There is no empathy of the sort on Myra's face as she steps over with those large handguns and pokes one over Siha's shoulder and shoots at the maid some more, missing the first two shots, and if the impish gleam in her eyes is any indication, that might actually have been on purpose just to watch her squirm a little before the third sinks into her face with an impact that blows a small crater in the front of the sweet maid's head. "...you wore gloves, of course, didn't you?" the woman in the jumpsuit asks nonchalantly as she slides her pistols back away, the roomy garment now making total sense. "Now let's finish up and toodle-pip on out of here, shall we?"

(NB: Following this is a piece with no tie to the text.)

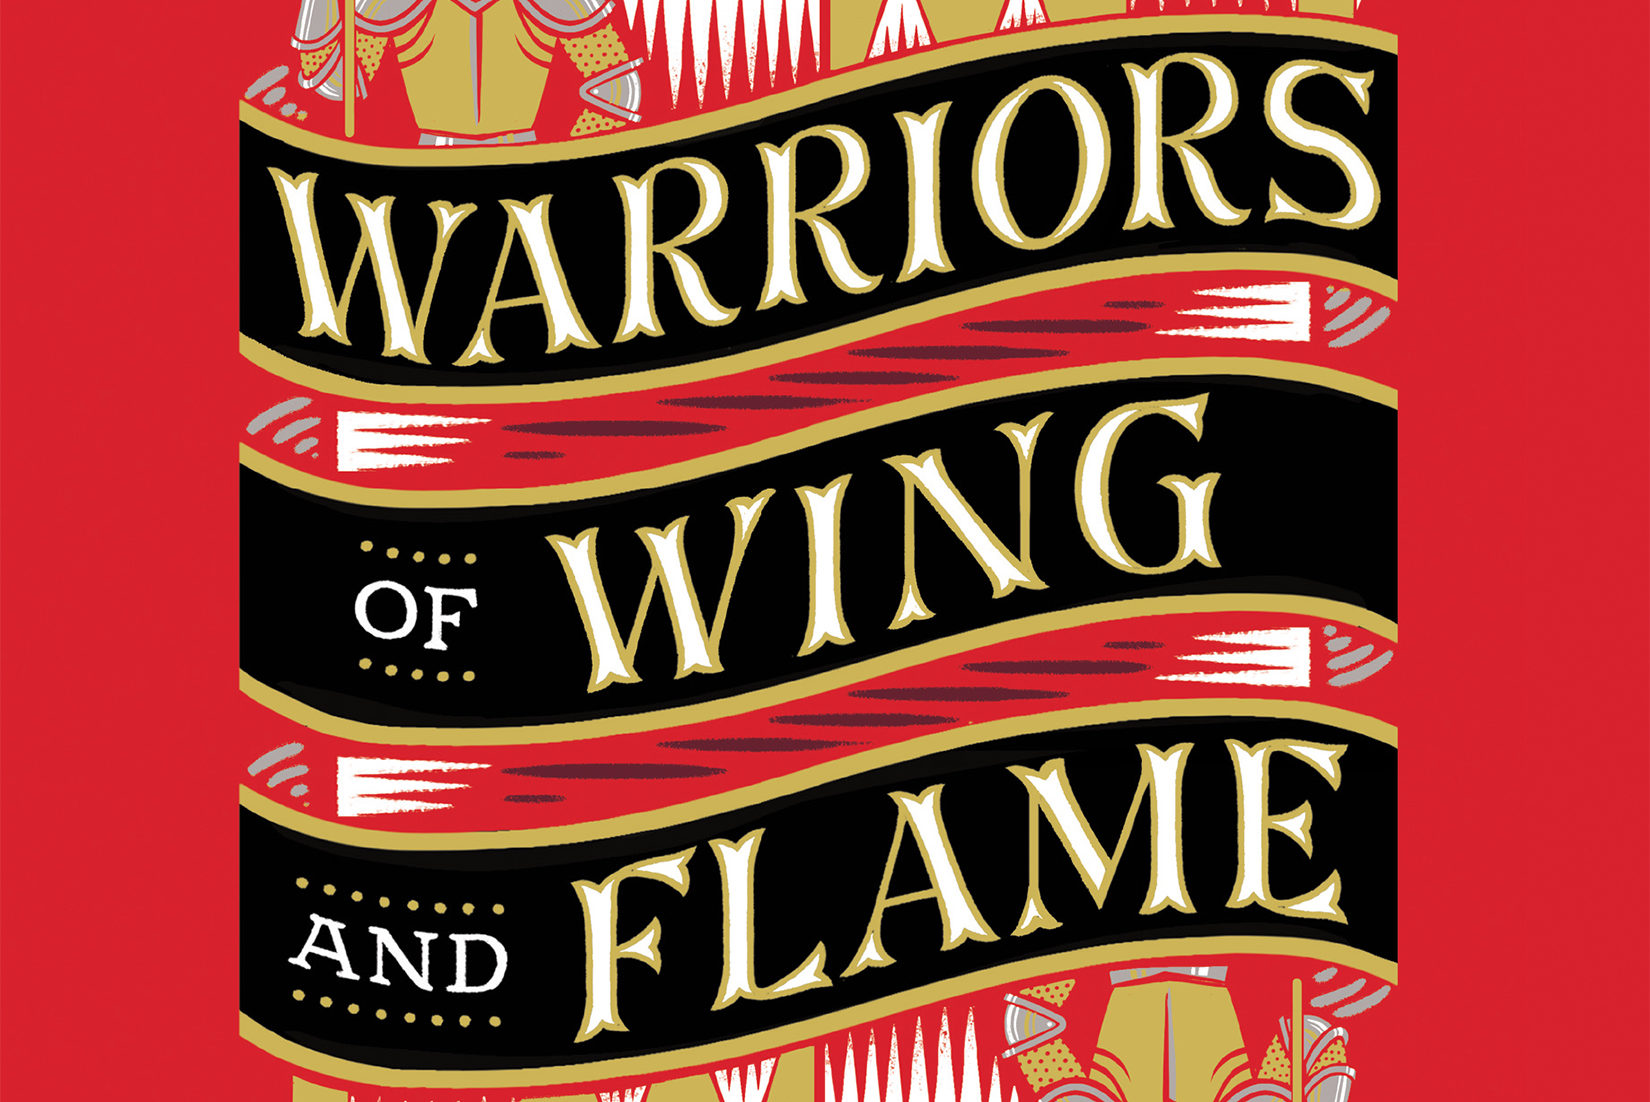 Check Out Our Cover Reveal for <i>Warriors of Wing and Flame</i> by Sara B. Larson AND Read the First Chapter!

And she ded. SHE DED. "Why would I wear gloves when we're gonna burn the place down." Leaning up off the Rodians' leg Siha will briefly gaze upon the poor thing, "And really, if they find my prints it'll only encourage them to come after me and I welcome it." Wiping her hand off on the hem of the cleaners smart cleaning skirt Siha is soon pushing up, walking to her cart as hands continue to wipe down on the front of her coveralls. Crouching down she'll pry out from beneath the fabric covered thing a flamie-thinger, you know, like a flame gun or like a real fancy plasma lighter. And she'll begin to go around lighting things on fire, setting her sights on the bed first, "Grab the notebook, the uniform, and don't lose your datapad, we can still glean more data-" FWOOOSH. FWOOSH. FWOOOSH. Illuminated by the flames which erupt Siha works methodically, apparently not new at this, "Toodle-pippin' away, girl ..." FWOOSH.
The maid squeaks and shrinks into herself on the floor with every missed shot Myra takes. That is until the third one completely destroys that cute little face as if it never existed, and she is silent forever.
The fire in the study has already grown to a severity difficult to manage, and very soon the rest of the penthouse ignites in similar fashion as the pair light their way out of the apartment. Flames lick all around them and the rooms start to fill with the kind of thick black smoke that only rich people stuff can produce. It's too bougie to breath in! And since you DON'T take the elevator in the event of an emergency, a set of fire exit stairs do just the trick. So down Siha and Myra go, carrying plans of the life Cal and Sena could have had together. Plans they had wanted so badly to carry out until the Gods laughed in their faces.